İşte tam da insanlığın hazır olduğu bir noktada bu sürecin bayraktarı olacak bir lidere ve ülkeye ihtiyaç vardır.

Bu süreç iyi idare edilirse, bütün bölge devletleri ve halkları bu ortak düşmandan kurtulabilir. Hatta bütün insanlık bu beladan kurtulabilir.

Bunca şehidin kanı heder olmamalı ve mazlumlar daha fazla çile çekmelidir.

Filistinli çocukların kanlarının laneti tüm insanlığı kuşatmadan insanlık, siyonizmi her taraftan kuşatmalıdır. Geç kalınan her saniye tüm insanlık aleyhine işlemektedir.

Artık boşa geçirilecek bir dakika bile yoktur.

Bu açıdan, soykırımdan büyük bir insanlık zaferi çıkmalıdır.

Geride kalan Gazze halkına karşı insanlık onur, vefa ve özür borcunu ifa etmelidir.
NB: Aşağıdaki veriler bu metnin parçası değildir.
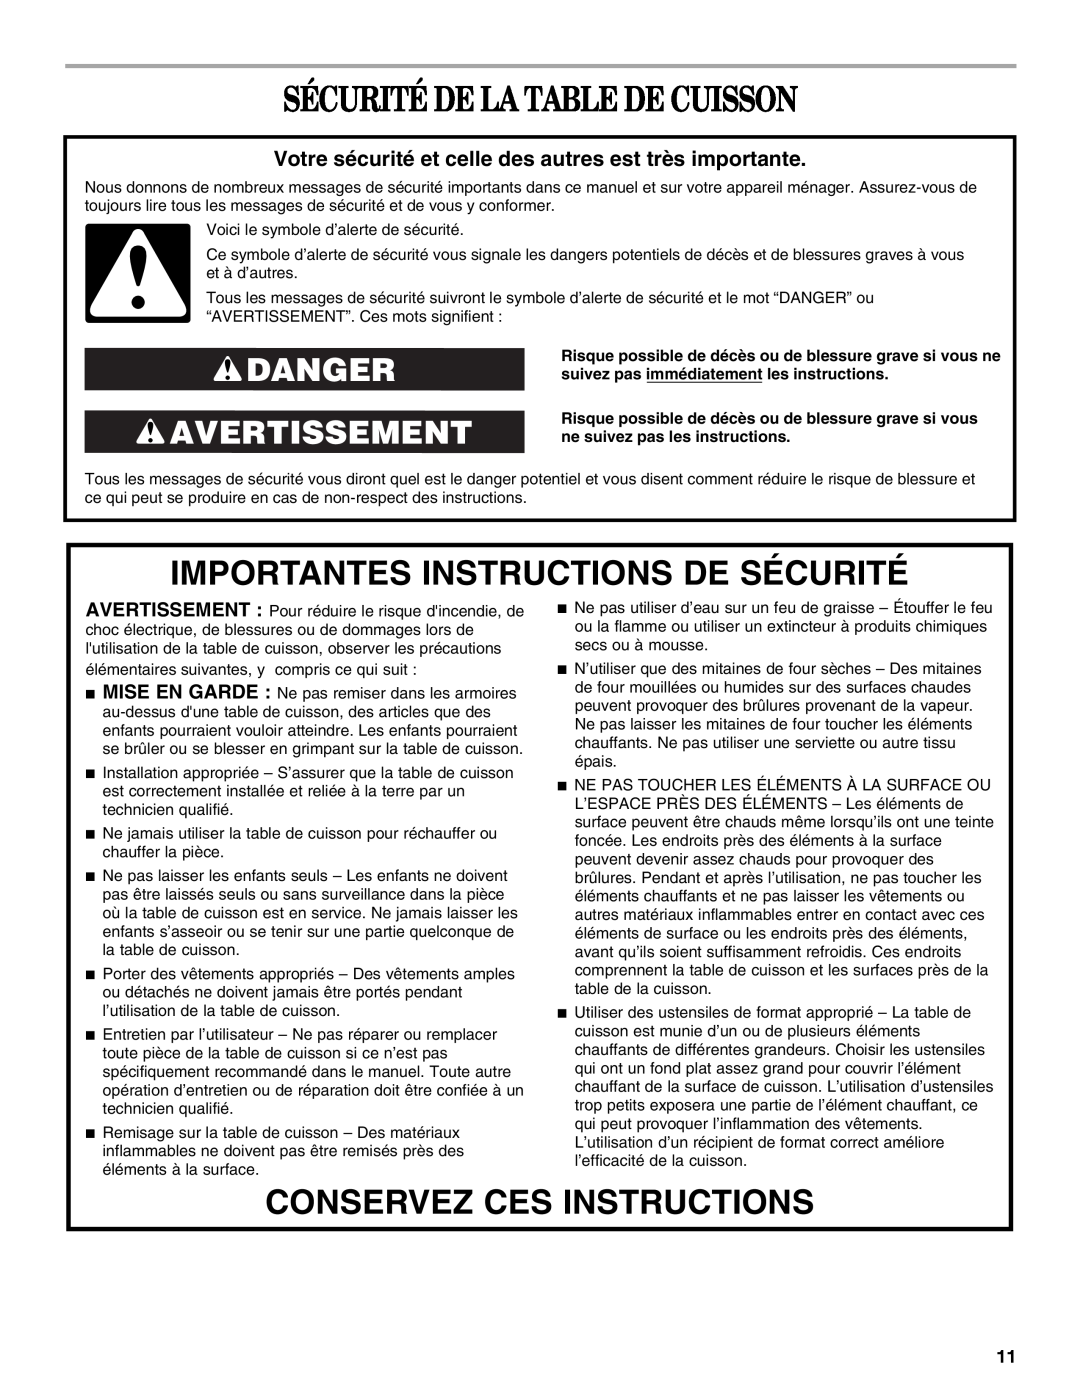 Whirlpool GCI3061XB Sécurité De La Table De Cuisson, Importantes Instructions De Sécurité, Conservez Ces Instructions

İnsanlık, siyonizmi kuşatıp pençe ve dişlerini kırarak ancak ağır vebalini hafifletebilir.

Artık kınama ve lanetleme ile kaybedilecek bir zaman yoktur.

Somut ve can alıcı adımlara ihtiyaç vardır.

Gazze'de topyekûn ölümler kapıda iken ve her gün açlıktan çocuklar ölürken, siyonizm ile yüzleşmekten başka çare yoktur.

Bedeli ne olursa olsun siyonizm belası ile yüzleşmek ve insanlığı bu iblisin belasından kurtarmak gerekir.

Saman alevi gibi parlayıp sönen açıklama ve protestolar yerine, sürekli ve kalıcı eylem planlarına ve adımlara ihtiyaç vardır.